She was right there the whole time quietly sitting and watching him get his heartbroken time and time and vice versa. He was kind and caring and she thought he was absolutely handsome. She watched him get dressed up and helped him by rolling her eyes to his millions of shirts he would try on before picking the first one and off he went. Shes afraid now, afraid of all her pasts coming to the surface as they finally met at the right time for the first time. Her level of trust is non existent, yet he's really never given her a reason not to trust him. He knows her and has seen her at her worst but never really seen her numb. This is a new territory for them, they both are single, both had their hearts destroyed by someone whom they thought was their forever, they finally have the maturity to communicate and understand each other on a deeper level. Shes falling hard. Something she never thought she would do again.

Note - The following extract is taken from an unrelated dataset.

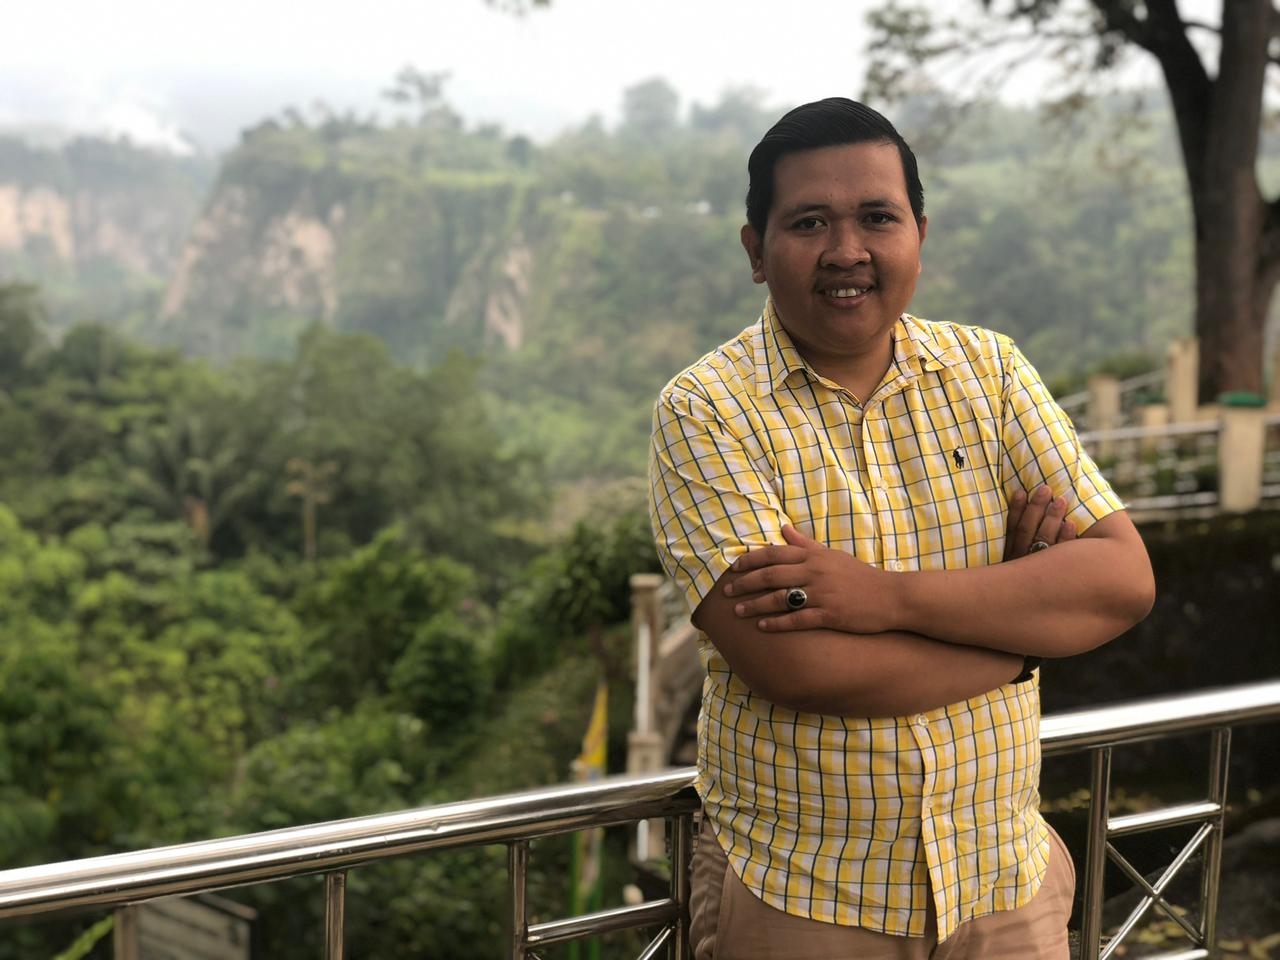 Selekda Usai, Ini 7 Tim Terbaik Wakili ESI Kuansing Ikuti Seleksi Tingkat Provinsi Riau
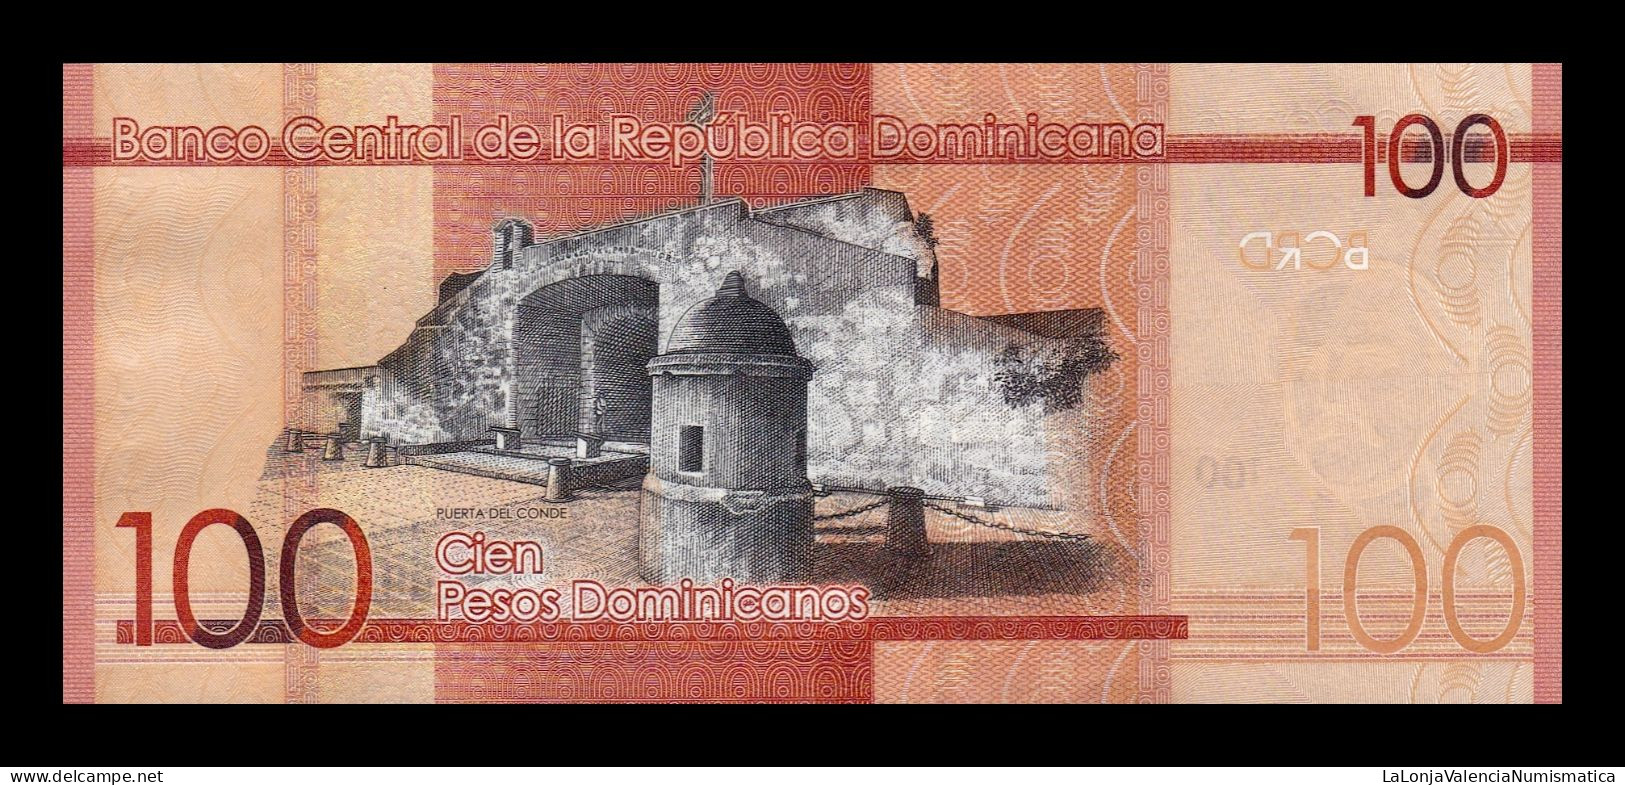 República Dominicana 100 Pesos Dominicanos 2016 Pick 190c Low Serial 993 Sc Unc - República Dominicana

She wants to believe that they were always meant to end up together it was clearly obvious at times but there was always a line of respect. She wants to have faith and trust that he isn't like the others but she cant help to wander if its going to be the same. She doesn't want to be broken for him. She wants to be the best version of herself for him, he deserves to be loved as much and hard as she does, yet she pulls herself back from time to time, wandering if fate has finally intervened and its just gonna be what's meant to be. Shes going to have to be patient with him, within the sense of waiting to make sure that he's ready for the family life. But he's going to have to be patient with her within the sense of something he healed from by himself, he's now guiding her through. Where will their path go, will he bring her back like he's done so many times before after her heart was broken? With the right work on the relationship and learning each other, she can see herself with him and happy.
0 notes
rawandrealme 2 months ago
Text
Wait Wait FATE?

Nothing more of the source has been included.